INPUT DATA:
• • • • • • •
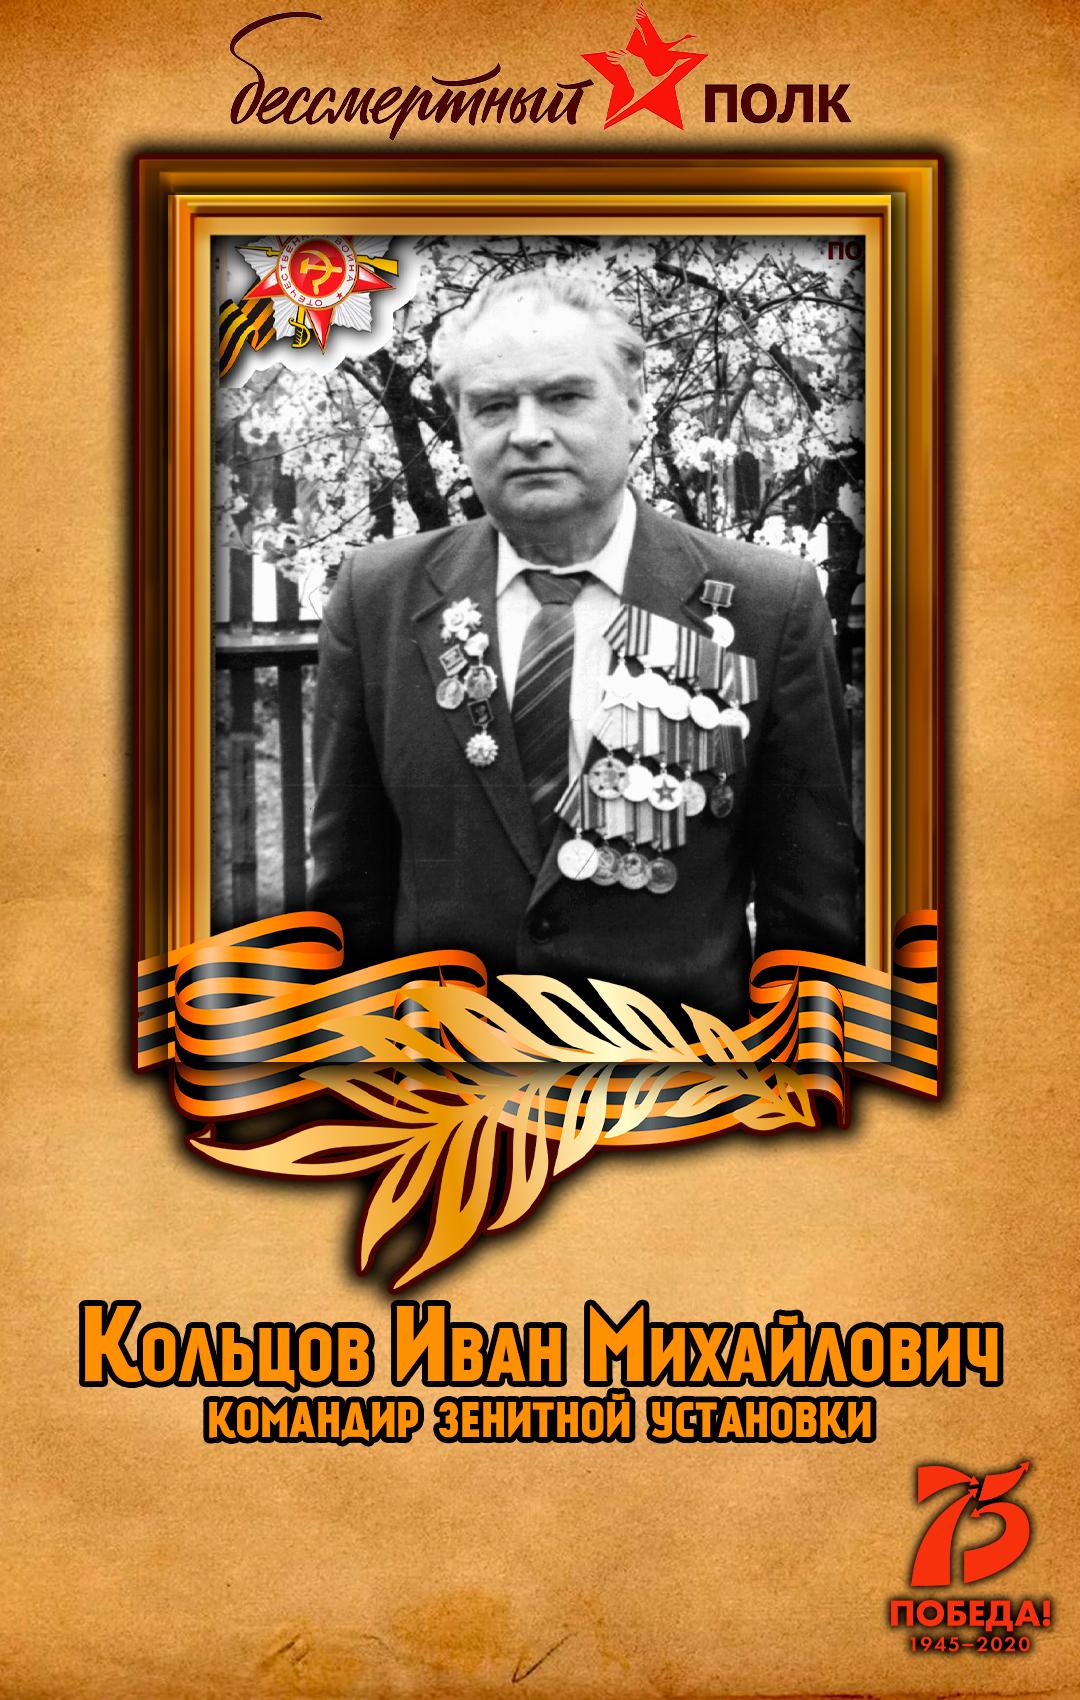 Кольцов-Иван-Михайлович
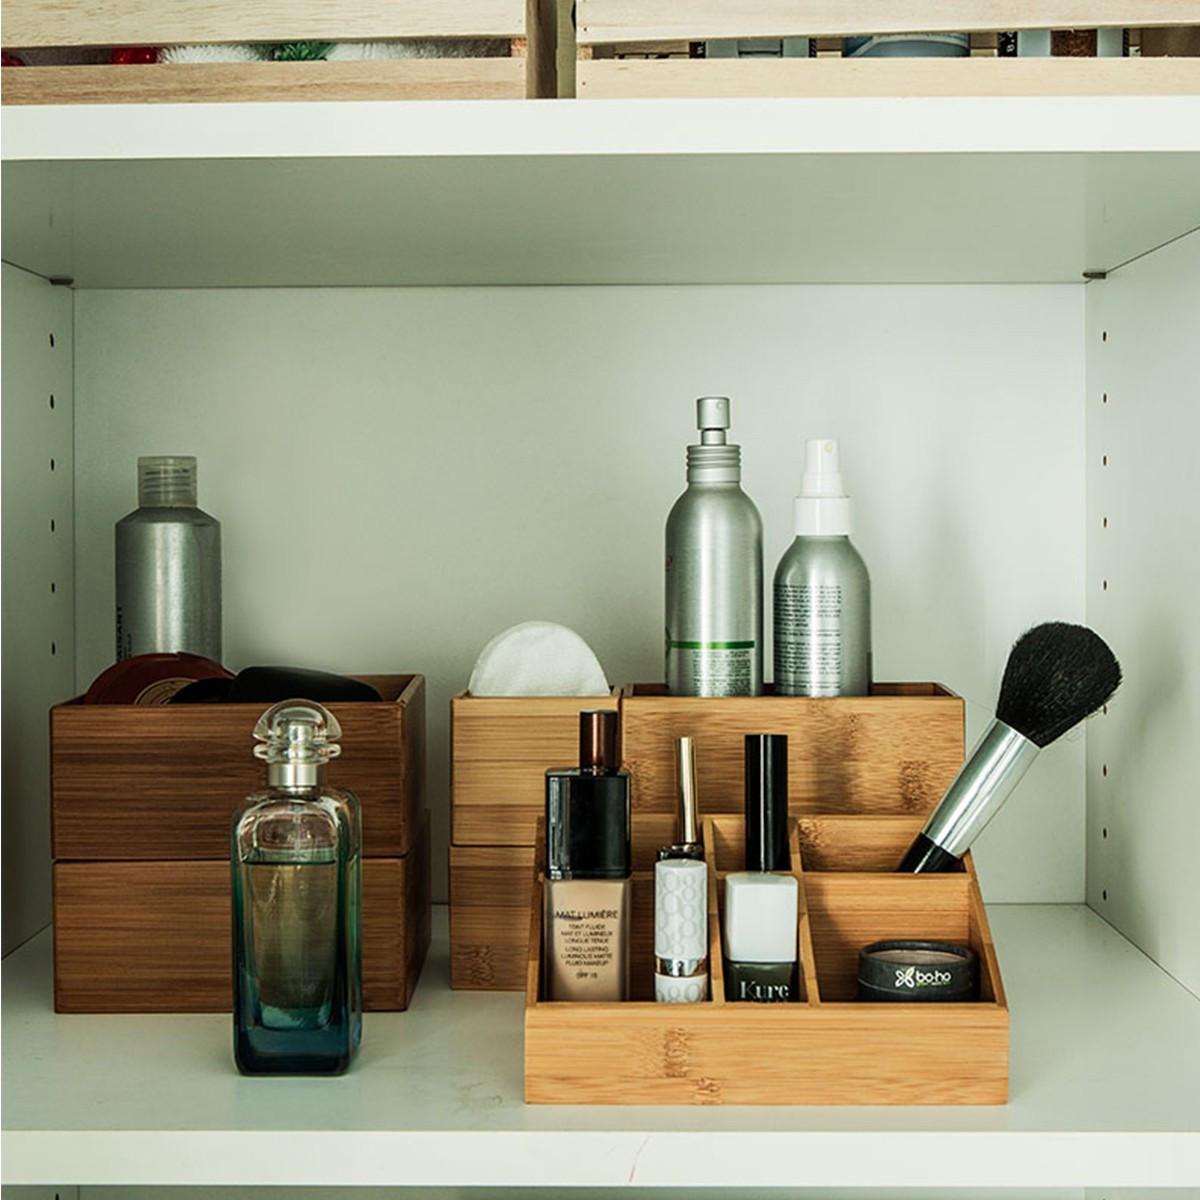 Petit bac carr bambou rangement tiroirs - Organisateur tiroir cuisine ...
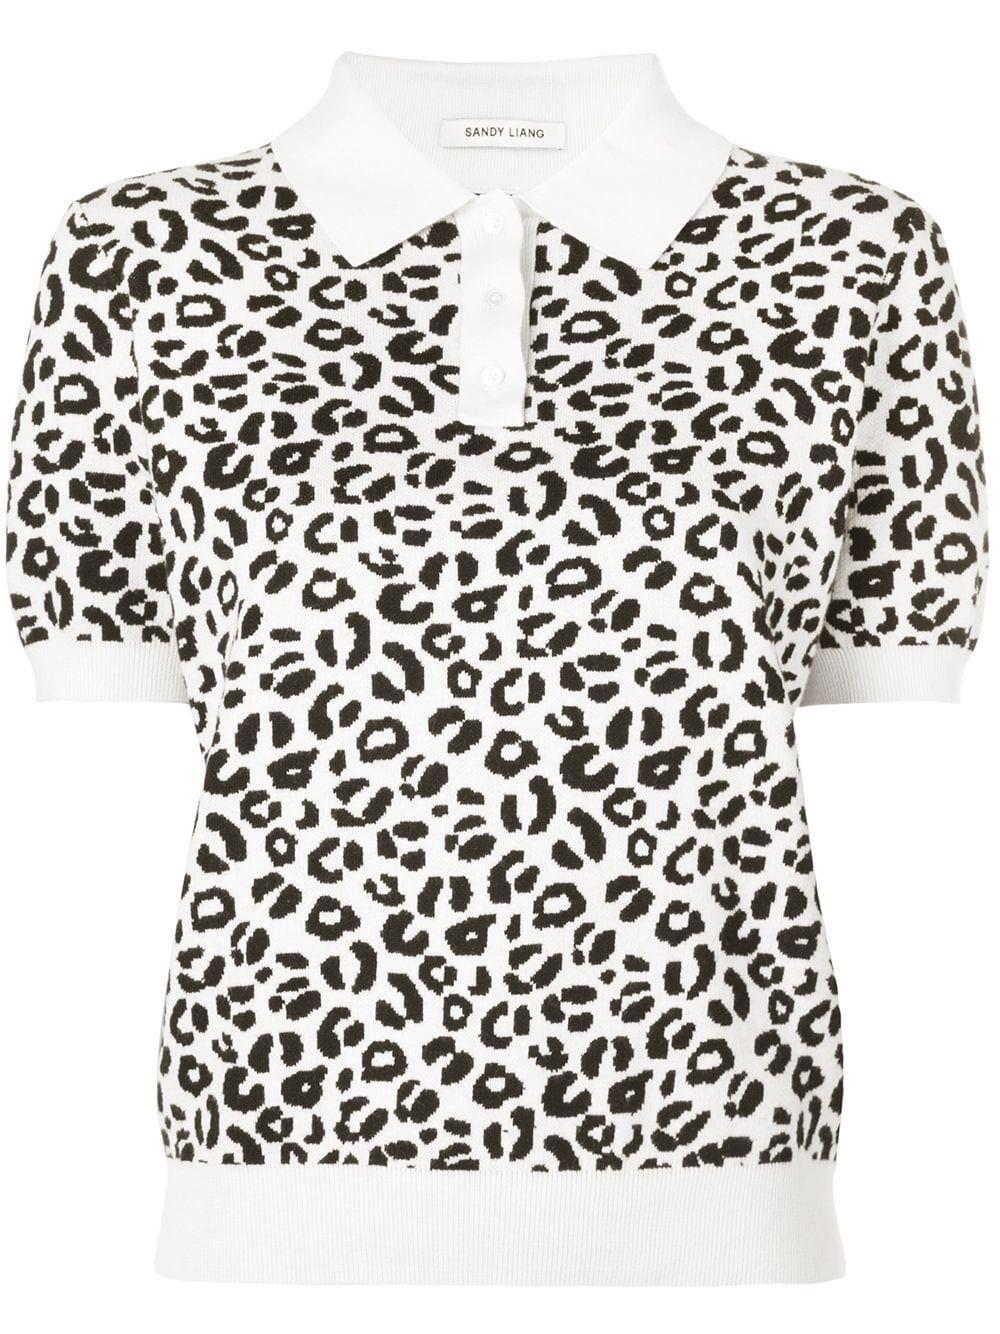 cashmere Sandy Liang Leopard Print Polo Shirt – Farfetch Cashmere Shirt
• • • • • • •
EXERCISE DETAILS:
Your answer must be the full listing, reproduced word for word, without its pictures.

ANSWER FOR THE TASK:
 Кольцов-Иван-Михайлович
 Petit bac carr bambou rangement tiroirs - Organisateur tiroir cuisine ...
 cashmere Sandy Liang Leopard Print Polo Shirt – Farfetch Cashmere Shirt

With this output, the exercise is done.